Pertama melihat tongkat sihir, aku mengusapnya, atribut muncul di depan mata, sungguh tidak mengecewakan—
Tongkat Ular (Langka)
Serangan Sihir: 40-65
Kekuatan Sihir: +21
Vitalitas: +20
Tambahan: Meningkatkan serangan sihir pengguna sebesar 2%
Level yang dibutuhkan: 30
Bagus juga, simpan. Tongkat ini bisa dipakai oleh Afai, sepertinya besok dia bisa naik ke level 30, dan dalam waktu lama tongkat ini akan berguna. Lanjut ke item kedua, baju zirah kelabu, tampak redup dan tak bercahaya, tapi saat atributnya muncul, aku terkejut, ternyata keliru menilai!
Zirah Penakluk Binatang (Langka)
Jenis: Zirah
Pertahanan: 54
Kekuatan: +22
Vitalitas: +21
Tambahan: Meningkatkan pertahanan pengguna sebesar 3%
Level yang dibutuhkan: 30
Ini baju zirah terbaik, pasti jadi andalan saat ini, level 30 perlengkapan biru, sangat dibutuhkan para pemain papan atas seperti Linxi, Fengtenghai, dan lainnya. Bisa dijual di rumah lelang Kota Limceng, pasti laku mahal.
Akhirnya, mataku tertuju pada cincin biru muda, item langka. Dalam “Bulan Fantasi”, cincin dan kalung adalah perlengkapan paling sulit didapatkan, jadi ini cincin pertamaku sejauh ini. Dulu di Kota Limceng, kulihat banyak pemain sudah penuh perlengkapan, tapi leher dan jari mereka masih kosong, menandakan betapa langkanya item di dua slot ini.
Kulihat cincin itu, memancarkan cahaya biru, tampak terbuat dari baja, bagian atasnya dihiasi ornamen tanduk sapi, aura mistis memancar. Aku mengusapnya, atribut langsung muncul—
Cincin Tanduk Sapi (Langka)
Kekuatan: +24
Kelincahan: +22
Efek Khusus: Tingkat kritis +0.2%
Tambahan: Meningkatkan serangan pengguna sebesar 3%
Level yang dibutuhkan: 30
“Luar biasa!”
Aku menepuk paha, girang sekali. Cincin ini seperti dibuat khusus untukku, atribut utamanya dua jenis, kekuatan dan kelincahan, keduanya cocok untukku. Kekuatan bisa dikonversi ke serangan, kelincahan adalah atribut spesial yang meningkatkan kecepatan serangan, kritis, serangan, pertahanan, dan kecepatan bergerak.
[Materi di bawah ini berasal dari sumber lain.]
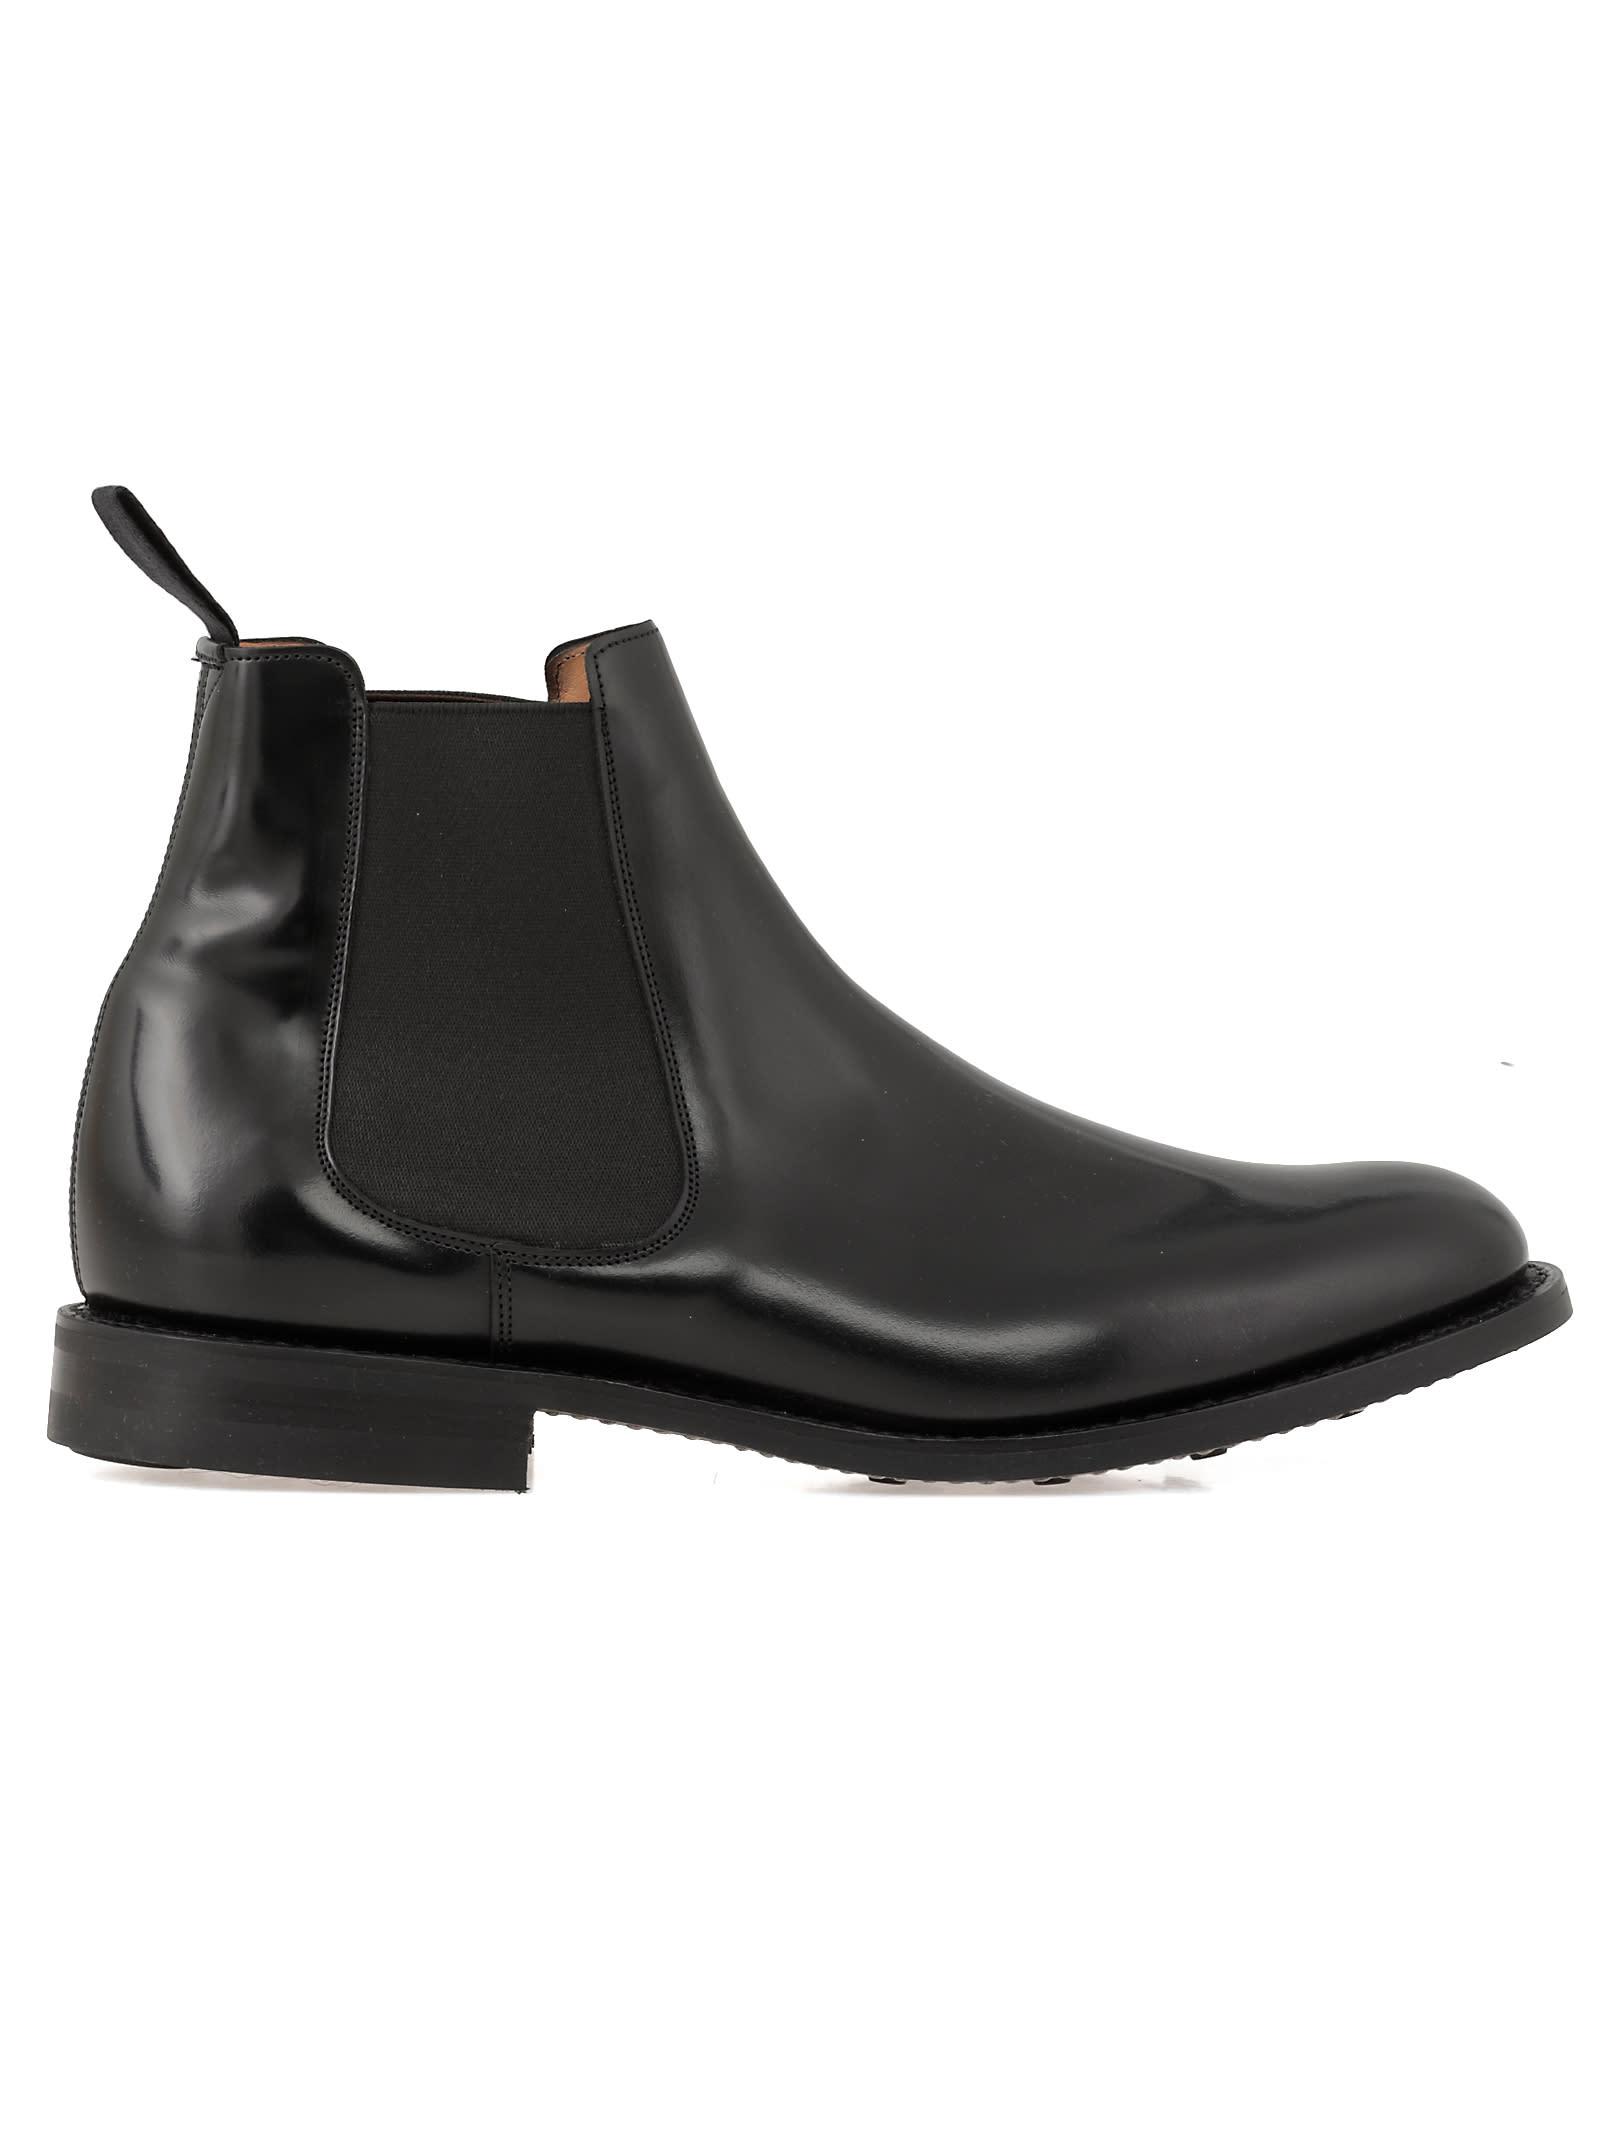 Churchs Leather Chelsea Boot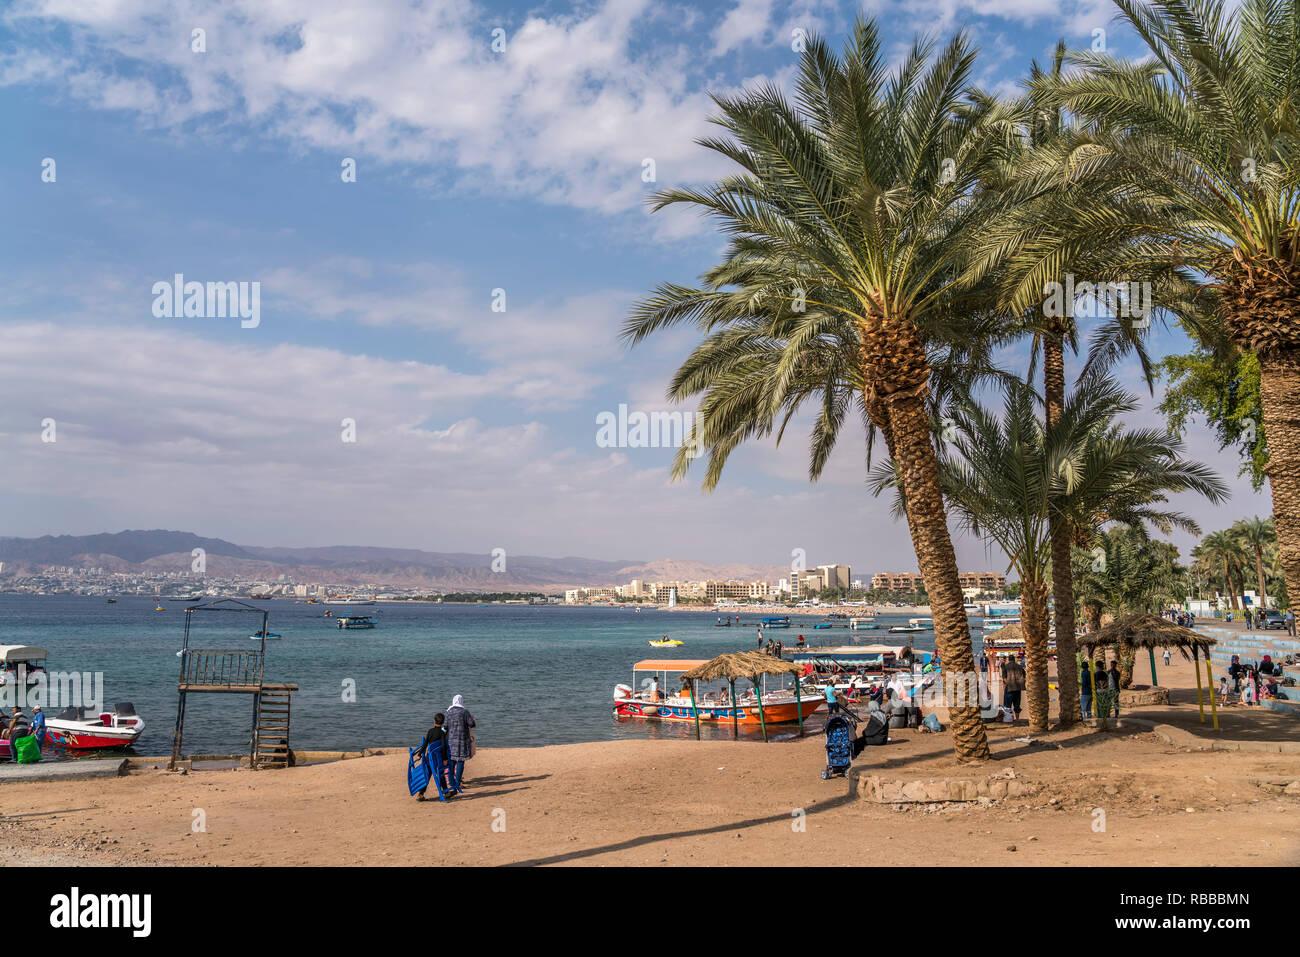 Glassbodenboote am öffentlichen Strand Al-Ghandour Beach. Akaba, Jordanien, Asien | glass boats at the public beach  Al-Ghandour Beach, Aqaba, Jordan, - Stock Image

Semakin tinggi, semakin tak terkalahkan!
Selain itu, ada bonus kritis 0.2%, benar-benar menggembirakan. Kritis adalah ciri khas pembunuh, tak menyangka perlengkapan biru sudah punya efek ini, meski hanya 0.2%, lebih baik daripada tidak ada. Ditambah lagi peningkatan serangan 3%, tak ada atribut yang sia-sia, benar-benar keberuntungan!
Segera kukenakan cincin itu, slot perlengkapan punya dua posisi cincin, satu masih kosong, pelan-pelan saja!
Di antara jari, Cincin Tanduk Sapi memancarkan cahaya biru, kekuatan mengalir pelan ke dalam jari, terasa energi yang terus terkumpul, efek peningkatan atribut benar-benar nyata.